The other night I saw a skit on the Amy Schumer show that was pretty funny and got me thinking. Amy played a soldier who had just returned from an Iraq deployment and wanted to surprise her boyfriend by popping out of a cake for his birthday, a lá the surprise reunion videos that have grown so popular as entertainment recently. As she hides in the cake, she overhears him talking shit about her. She listens and takes it all in. When she pops out, she’s embarrassed and breaks up with him on the spot. As the scene ends, someone awkwardly “thanks her for her service,” because that’s what you’re supposed to do. A special kind of “fuck you” that soldiers have heard when they’re being helped by someone that can’t really help, and get thanked for their service when what they really need is to get their cell service terminated before deploying.

Anyway, it’s a pretty funny skit and it got me thinking that maybe the civil-military divide isn’t really that big of a problem as people think it is. In fact, maybe these wars have been the best thing for closing it.

The “divide” isn’t a new thing by any means. It’s been written about by every generation going back to Sparta. I still think the best recent piece on the divide in our era comes before the Global War on Terrorism began, back in this Tom Ricks article in The Atlantic (1997).

I’ve written before about how there seems to be a correlation between willingness to poke fun at the military in popular culture and a perceived decrease in the civil-military divide. That is, the more comfortable civilians feel making fun of soldiers and the military, the better relations are (so long as military folk don’t get too butt-hurt about it).

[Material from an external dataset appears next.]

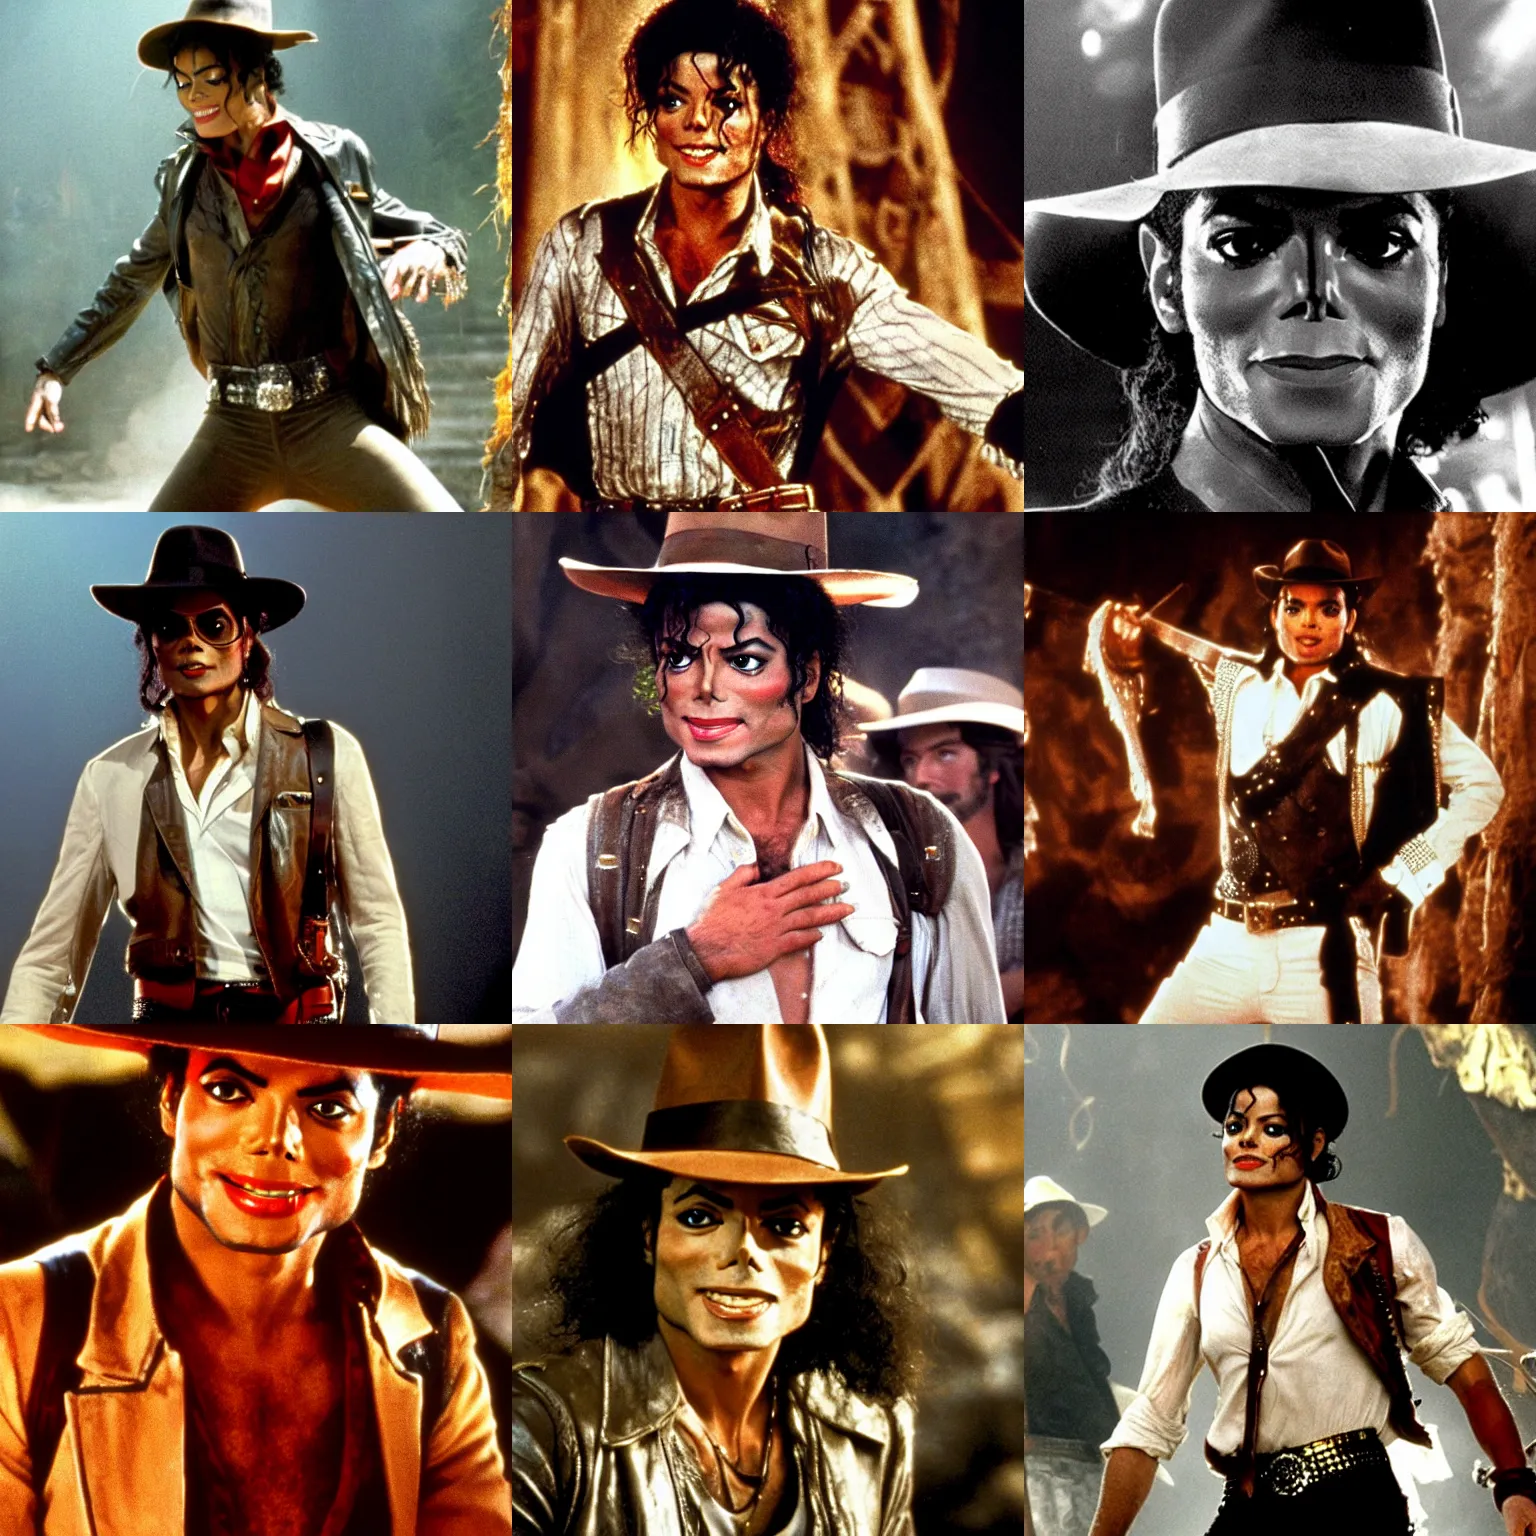 Prompt: Michael Jackson as Indiana Jones, Still from Temple of Doom (1984)
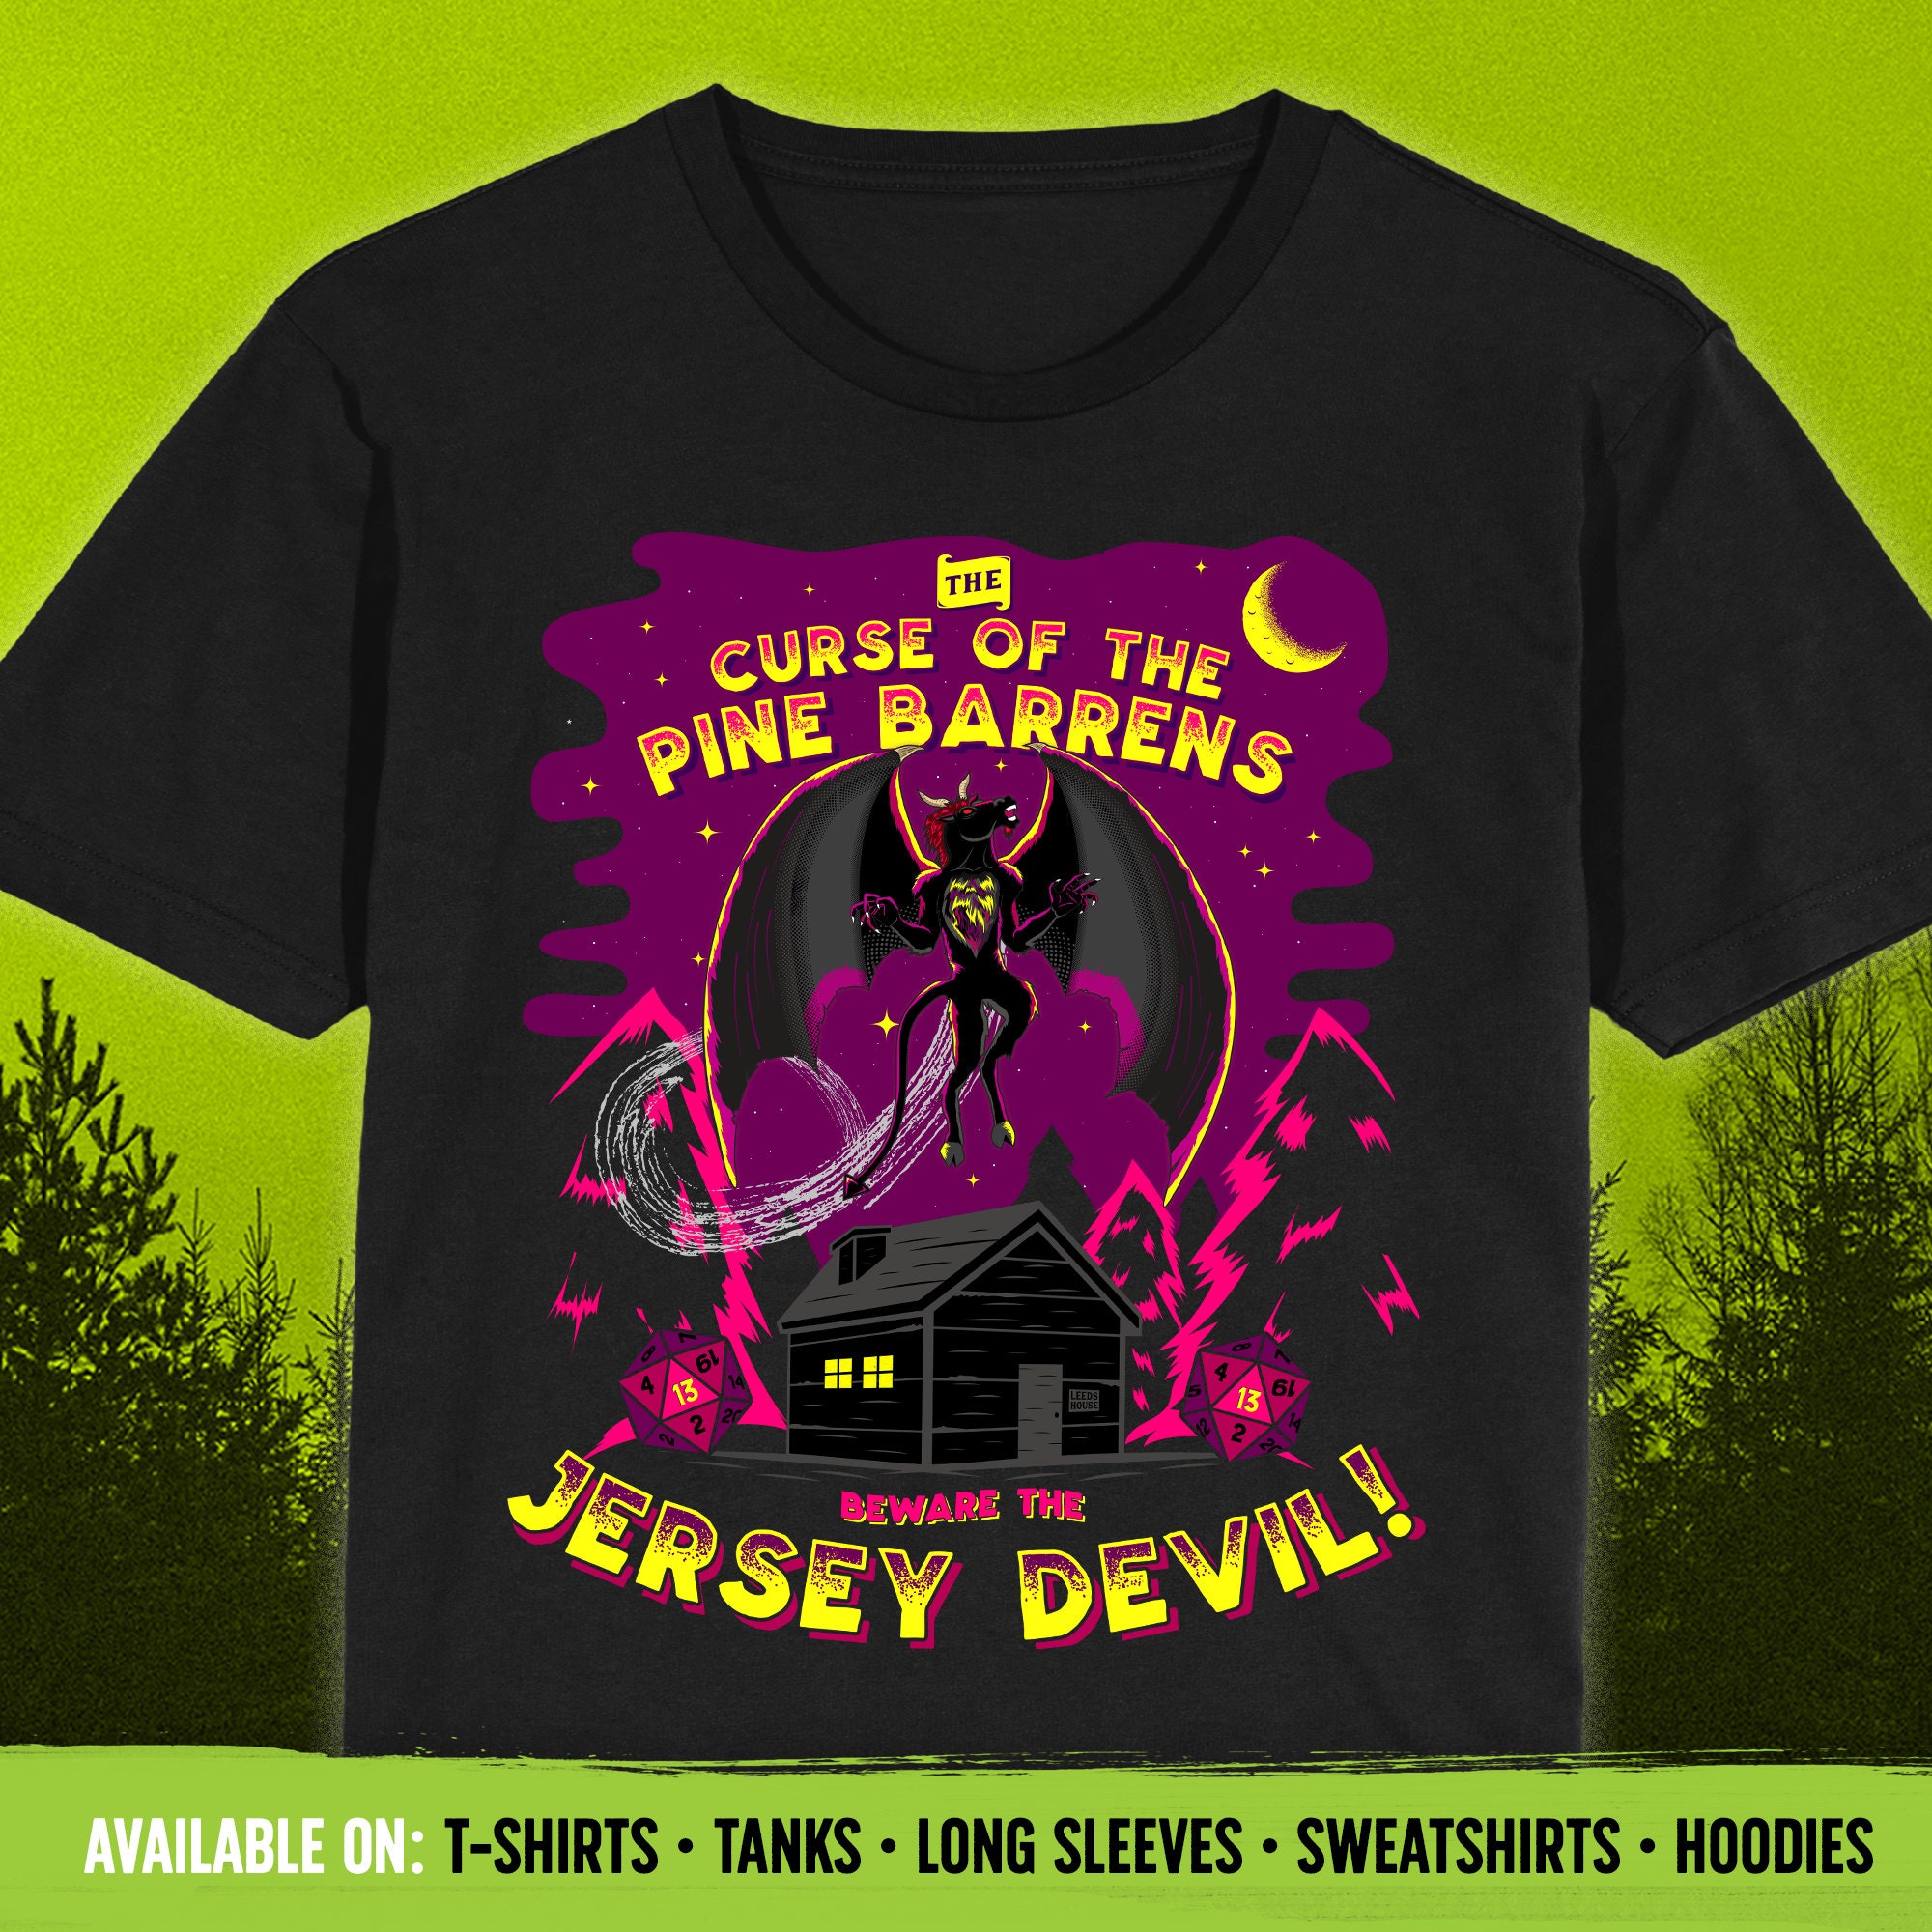 Jersey Devil Shirt  Cryptozoology Shirts

As far as I know, Amy Schumer never served in the military, but that didn’t stop her from going for the skit. I’ve seen it done real well on Family GuyThe Onion and Fox’s short-lived Enlisted (rest in peace).

I still believe that the civil-military gap is an imagined structure of the military mind. The gap is as big as the veteran wants it to be simply because civilians don’t walk around thinking of themselves as something different from everyone else – veterans do that. In that regard, the more connected to civil society the veteran feels, the smaller the imagined gap. It is an individual effort to close it, not a collective one.

That said, the more shots taken at military life from the civilian side, the more normalized the whole thing becomes. The wars have kept the military in the media for the past decade in a way they wouldn’t have been without them. We seem to be moving past the point of blanket hero worship and into a realm that’s more thoughtful and critical.